Downsides of Spark-Ignite for extended cache management and access?

classic Classic list List threaded Threaded
3 messages Options
phalverson phalverson
Reply | Threaded
Open this post in threaded view
|

Downsides of Spark-Ignite for extended cache management and access?

My company provides big data analytics for large banks (managing and analyzing their loan portfolios). We have a number of applications that are fundamentally grid-based, but which tend to use different frameworks to handle grid computation. We are considering shifting these to a common Hadoop stack to consolidate infrastructure and provide a more uniform way of managing our services, as well as providing more options for different classes of analytics (MR, Streaming, etc.).

One of these applications seems  to be a good fit for Ignite (lots of concurrent low-latency queries against a massive but highly-partitionable dataset) and, possibly, Spark (distributed batch computing). It's the latter I'm uncertain about.

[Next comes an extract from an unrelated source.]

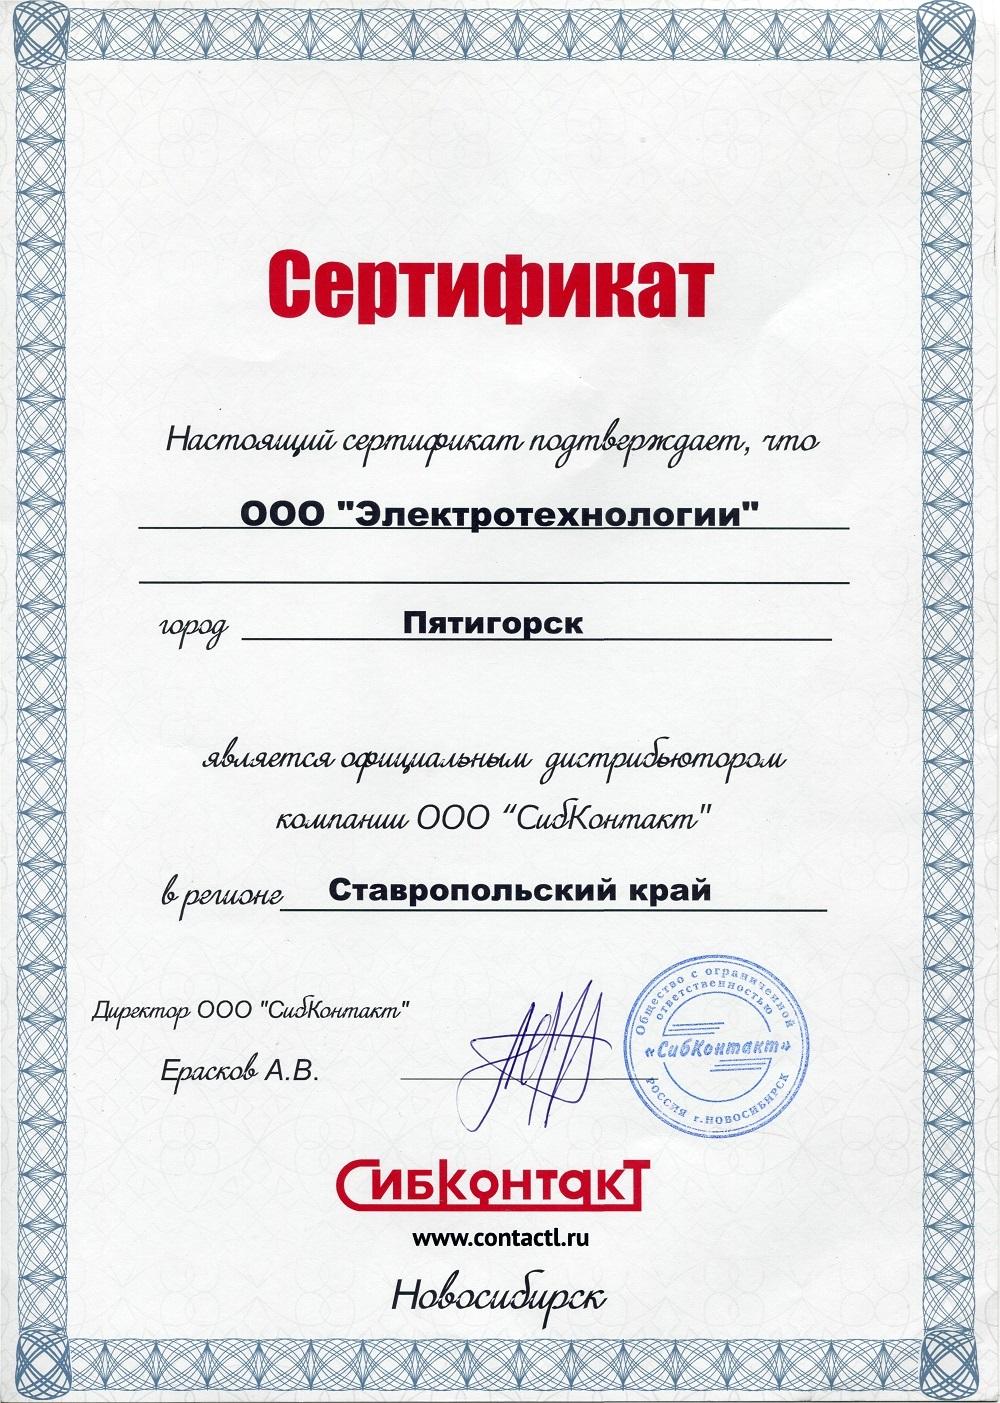 Сертификат официального дистрибьютера Сибконтакт компания ООО Электротехнология

I understand the general concept of the IgniteRDD as a bridge to a distributed Ignite cache (or set of them), but do I give anything up by deploying our app as a Spark job, vs. a custom YARN app that hosts Ignite nodes?  I'm specifically looking at implications for:

  - affinity (both Data with Data and Compute with Data)
  - advanced SQL queries (cross-cache joins, aggregations, etc)
  - persistence (warm-up, write-through)
  - transactions

If I can still have all the benefits of IgniteCache while going the virtual RDD, then Spark seems a good fit, but I want to be clear on any limitations that such an abstraction might impose. Appreciate any guidance here.
vkulichenko vkulichenko
Reply | Threaded
Open this post in threaded view
|

Re: Downsides of Spark-Ignite for extended cache management and access?

Hi,

IgniteRDD is useful when you already have a Spark application and want to use Ignite as an underlying storage to share the state between different Spark jobs (which is not possible with plain Spark) and to get advantage of fast indexed SQL queries provided by Ignite (there are no indexes in Spark).

IgniteRDD provides full RDD API, but cache API is limited. For example, it doesn't expose transactions. If you're creating an application from scratch, I would recommend to use Ignite API directly with all its features (cache, compute, streaming, etc.).

Makes sense?

-Val
phalverson phalverson
Reply | Threaded
Open this post in threaded view
|

Re: Downsides of Spark-Ignite for extended cache management and access?

Thanks. That was precisely my concern, and I appreciate the guidance.